Intrigado, fui ao Festival Hare Krsna, que havia sido muito bem organizado. Os sadhus Hare Krsna eram a maior atração para mim. Apreciei seu canto, sua dança, seu caminhar e sua fala. Com efeito, gostei de tudo neles, e compareci ao evento praticamente todas as noites. Eu apenas assistia e ouvia. Embora eu soubesse inglês, eu não era fluente, e falar com estrangeiros era difícil demais para mim. Comprei algumas revistas e alguns livretos com o pouco dinheiro que eu tinha.

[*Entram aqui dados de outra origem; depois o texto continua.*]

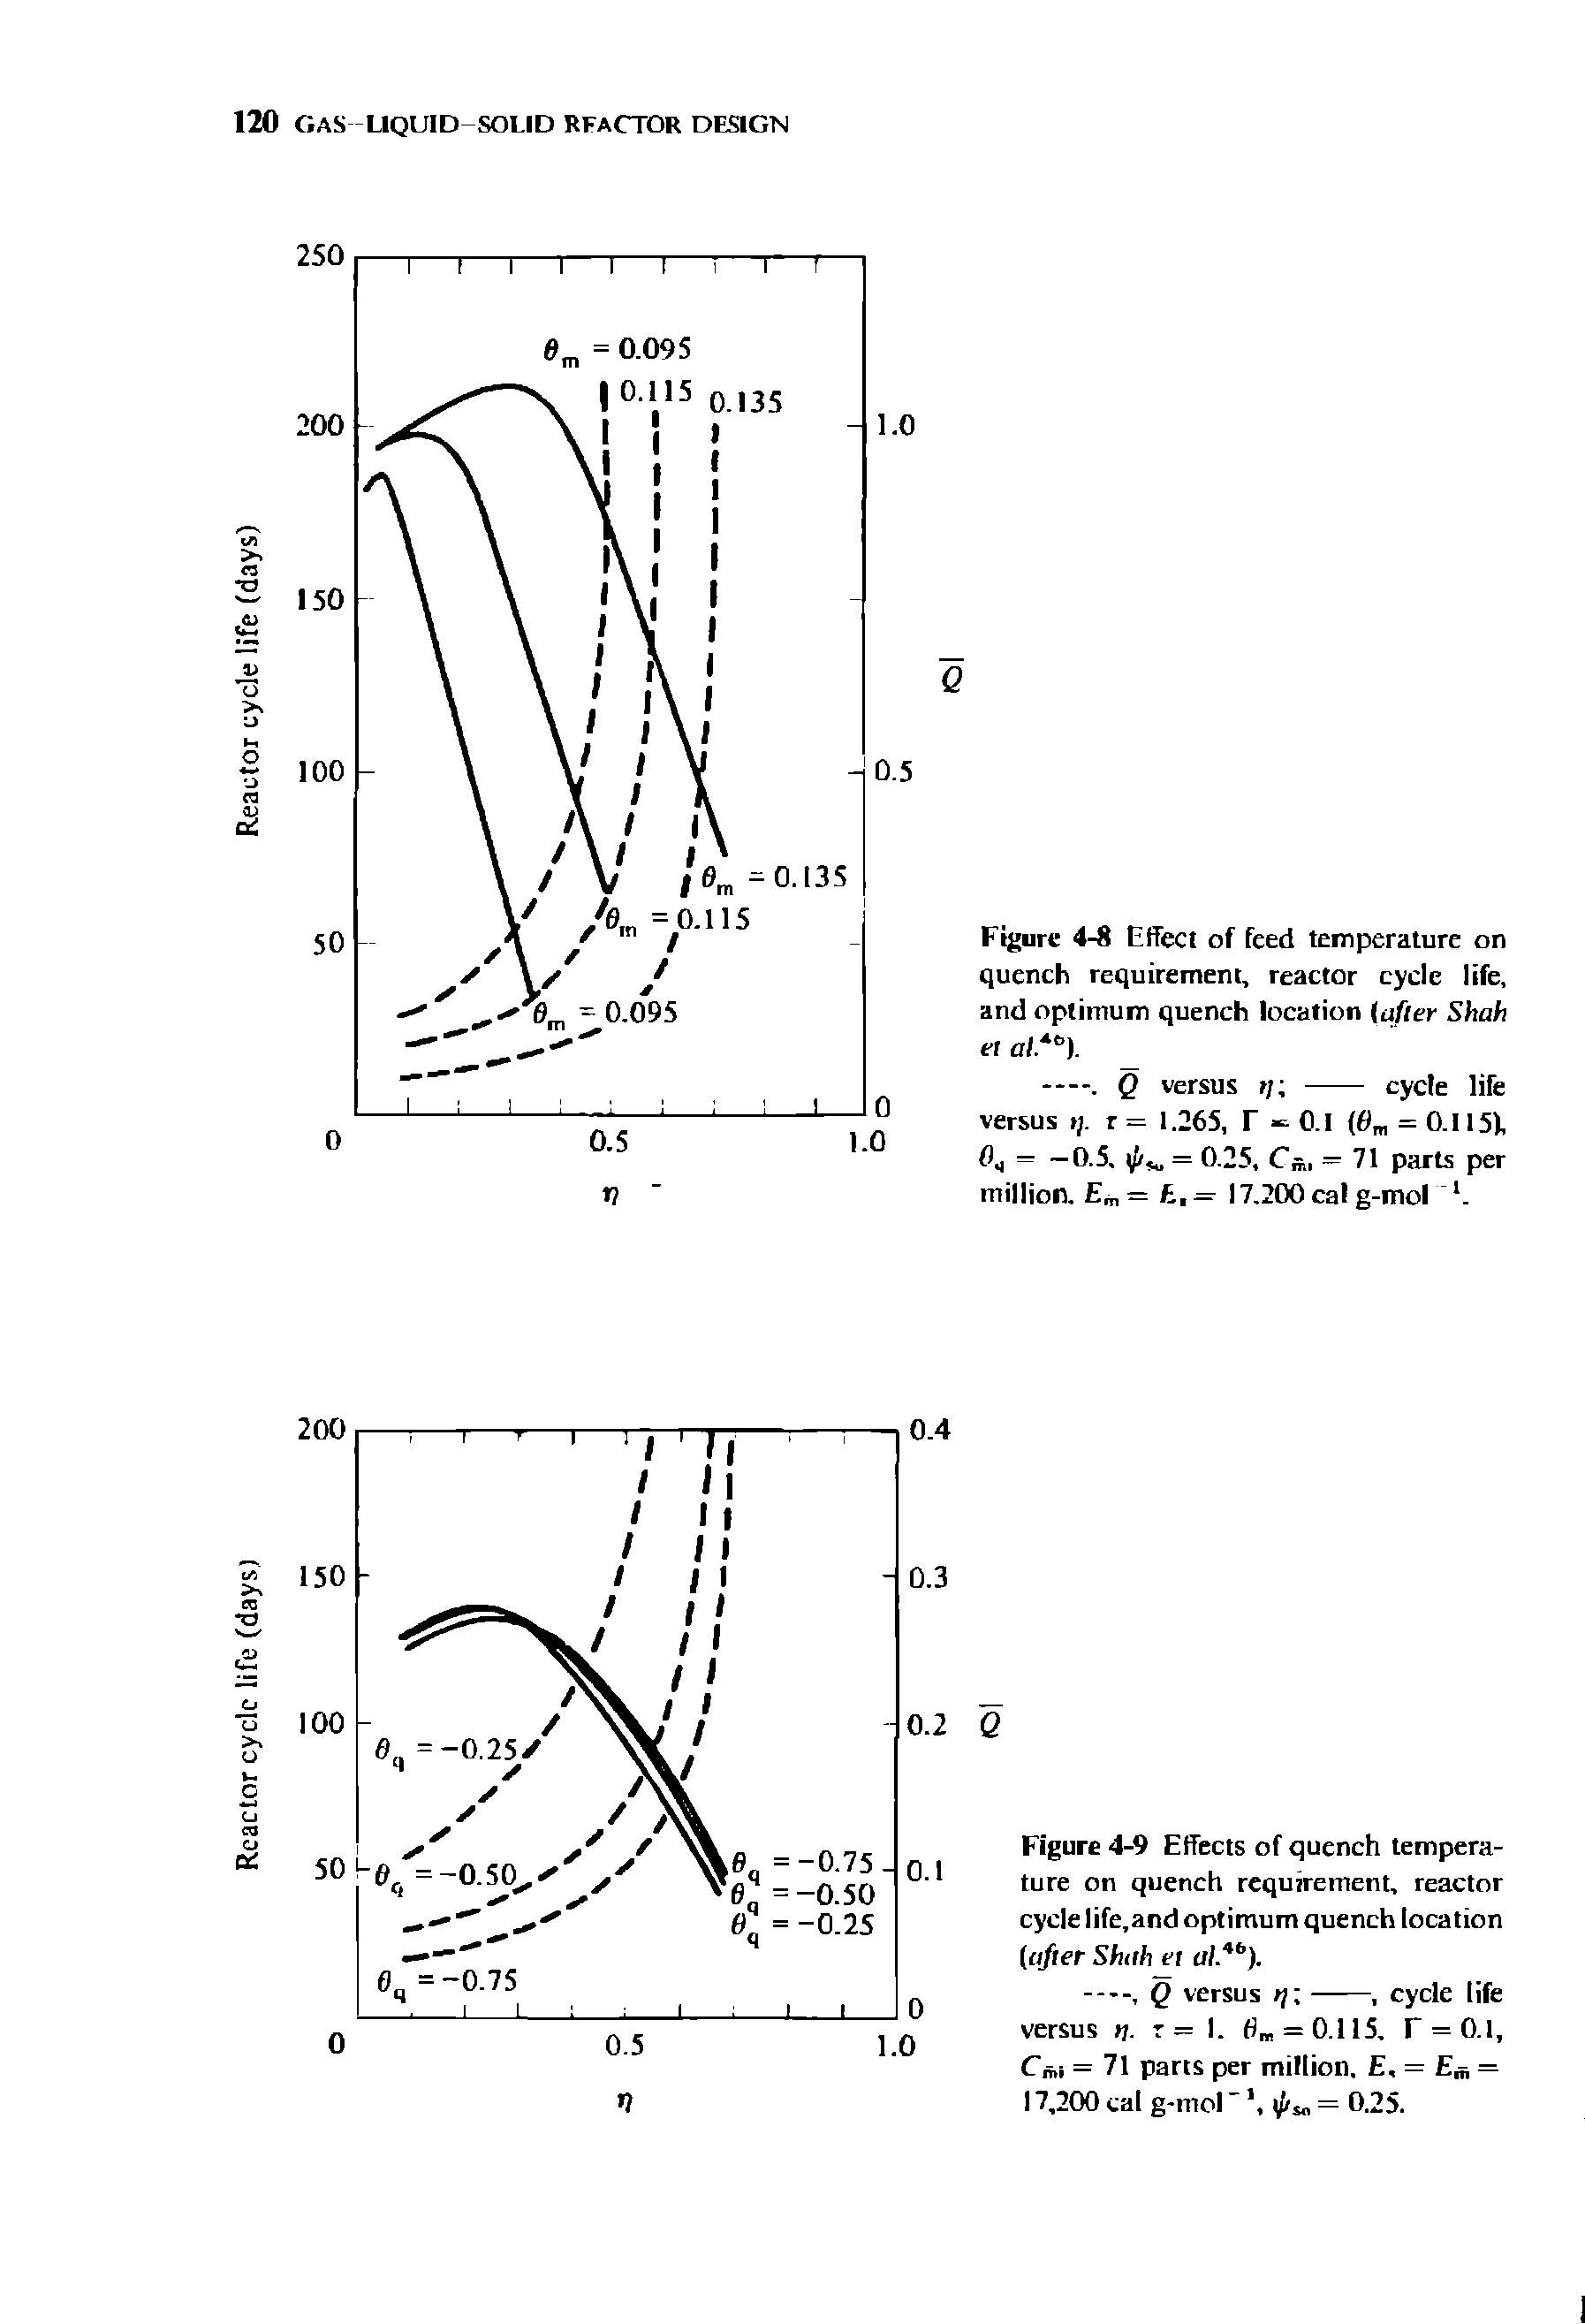 Figure 4-9 Effects of quench temperature on quench requirement, reactor cycle life.and optimum quench location (after Shah et al. b).

Srila Prabhupada palestrou todas as noites. Ele discutiu muitos tópicos referentes à consciência de Krsna e estabeleceu muitos pontos. Contudo, o ponto que teve maior impacto em mim, e que me atraiu a ele e à sua sociedade mais do que qualquer outra coisa, foi o simples ponto de que, se você serve Krsna, a Suprema Personalidade de Deus, você serve simultaneamente tudo e todos. Srila Prabhupada apresentou a analogia do que acontece quando alguém rega uma árvore. Simplesmente por aguar a raiz da árvore, automaticamente se fornece água a todas as folhas, ramos, frutas e flores da árvore.

Srila Prabhupada simplificara o meu trabalho. “Aqui está a minha chance”, pensei. Eu sempre desejara servir outros, em virtude do que, em diferentes momentos de minha vida, cogitei tornar-me um engenheiro, um médico ou um advogado. Quando quer que eu pensasse em meu futuro, eu pensava em como eu poderia servir as pessoas. Contudo, embora ao longo de todos aqueles anos eu houvesse sempre pensado em servir, eu não sabia por onde começar, e eu praticamente não tinha quaisquer recursos à minha disposição. Naquele momento, no entanto, Srila Prabhupada desobstruiu meu caminho mostrando-me o fácil atalho de servir toda a criação pelo simples meio de servir o Senhor, a fonte de tudo o que existe. Aquela ideia teve grande apelo sobre mim.

Como programado, o Festival Hare Krsna terminou após onze dias, e tudo voltou ao normal.

Continuei indo à faculdade em Bombaim. Eu dividia um quarto com algumas pessoas de minha vila, a quem minha família havia pedido que me vigiassem. Certa vez, muitos anos antes, eu havia abandonado meus estudos e me juntado a um asrama em uma cidadezinha perto de minha vila. Eu quase me estabelecera no asrama, mas a invisível e misericordiosa mão do Senhor levou-me de volta de forma que eu pudesse, em vez de me juntar àquele asrama, juntar-me a Srila Prabhupada.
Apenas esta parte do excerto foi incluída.